Diana Hodali
yıllardır süren iç savaş, Suriye’de yalnızca binaları değil, ekonomiyi de tarumar etti. Savaşla birlikte Şam rejimine karşı uygulanan memleketler arası ekonomik ambargolar kararı uygunca derinleşen ekonomik kriz niçiniyle Suriye Lirası, 2019 yılında adeta yere çakıldı. Ülkenin kuzeybatısında yer alan Türkiye’nin hudut komşusu İdlib vilayetinde idaresi elinde bulunduran El Esas’ın Suriye kolu Nusra Cephesi kökenli Heyet Tahrir el- Şam (HTŞ) örgütü, 2020 yazında hayat pahalılığı ve ekonomik krizi azaltmak gayesiyle Türk Lirası’nı tedavüle soktu. Bölgede yaklaşık bir buçuk yıldır TL, mecburî ödeme aracı olarak kullanılıyor.

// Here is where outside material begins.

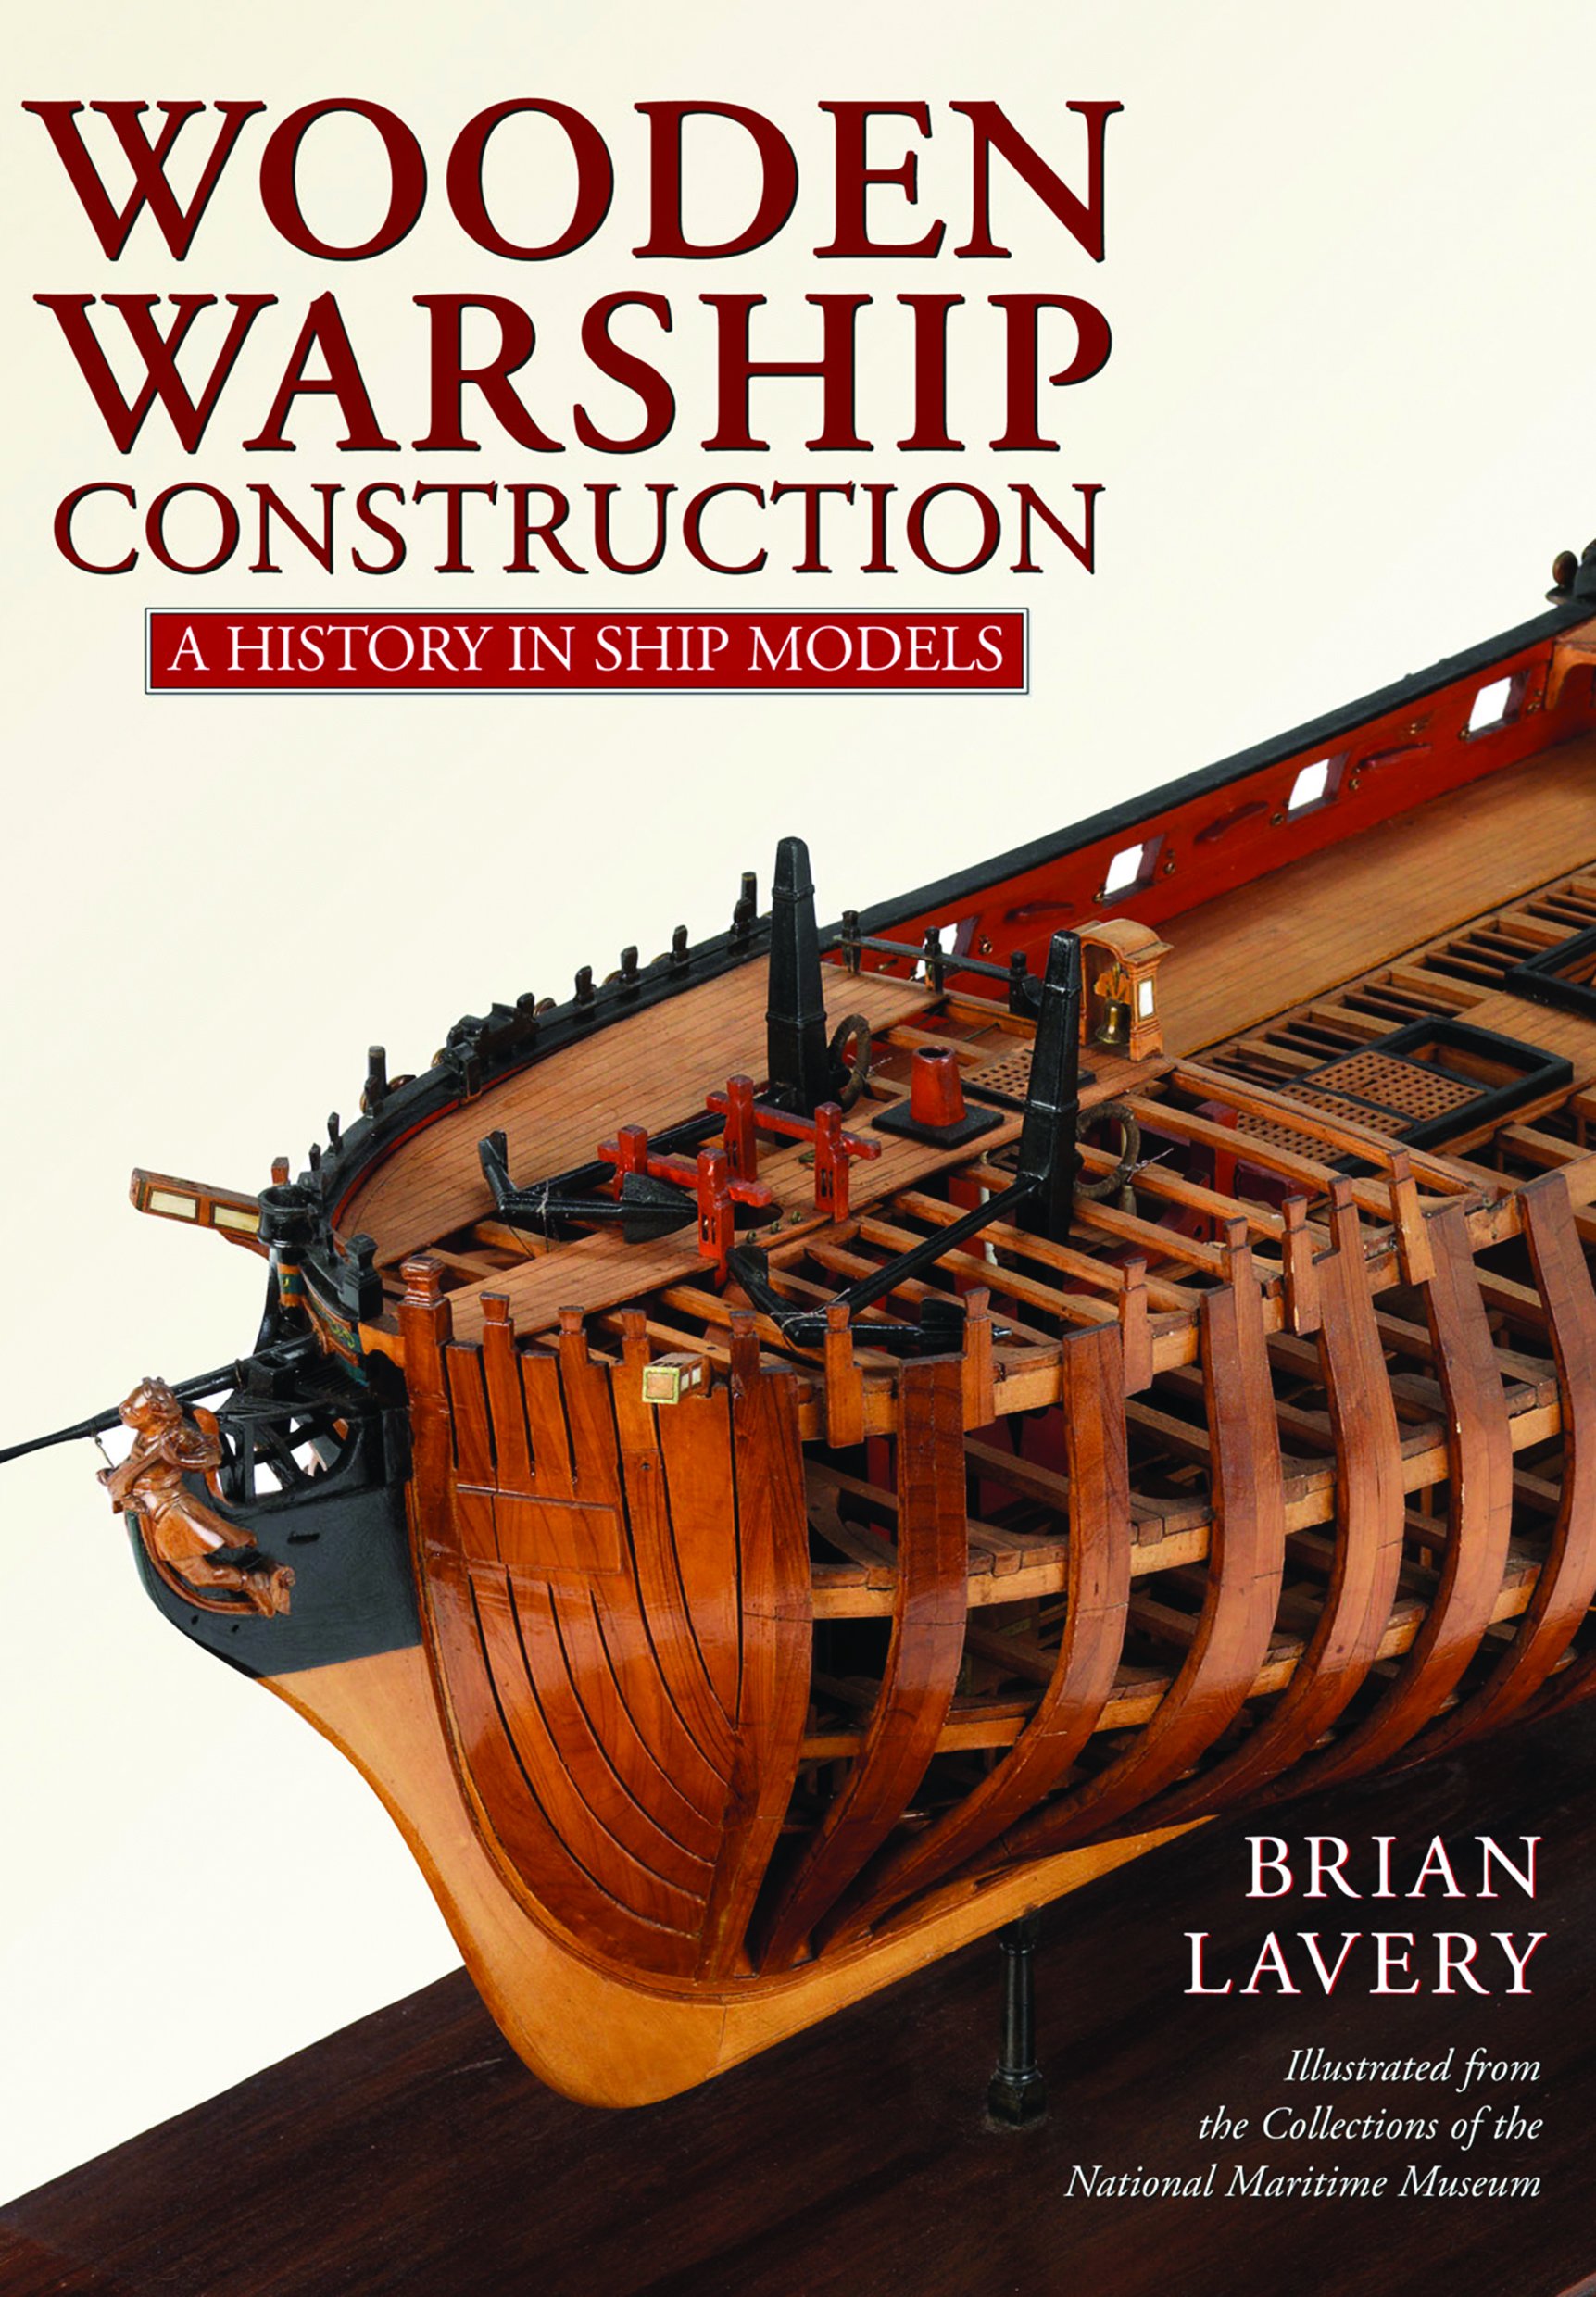 Wooden warship construction

TL’deki kıymet kaybı meblağları uçurdu
Londra merkezli İngiliz niyet kuruluşu Chatham House’dan Suriye uzmanı Zeki Mehchy, İdlib’deki ekonomik durumun bir buçuk yıldır nispeten istikrarlı kaldığını söylüyor ve ekliyor: “Ancak artık Türk Lirası da özgür düşüşe geçti. Bu da İdlib halkının hayat şartlarını önemli biçimde etkiliyor.”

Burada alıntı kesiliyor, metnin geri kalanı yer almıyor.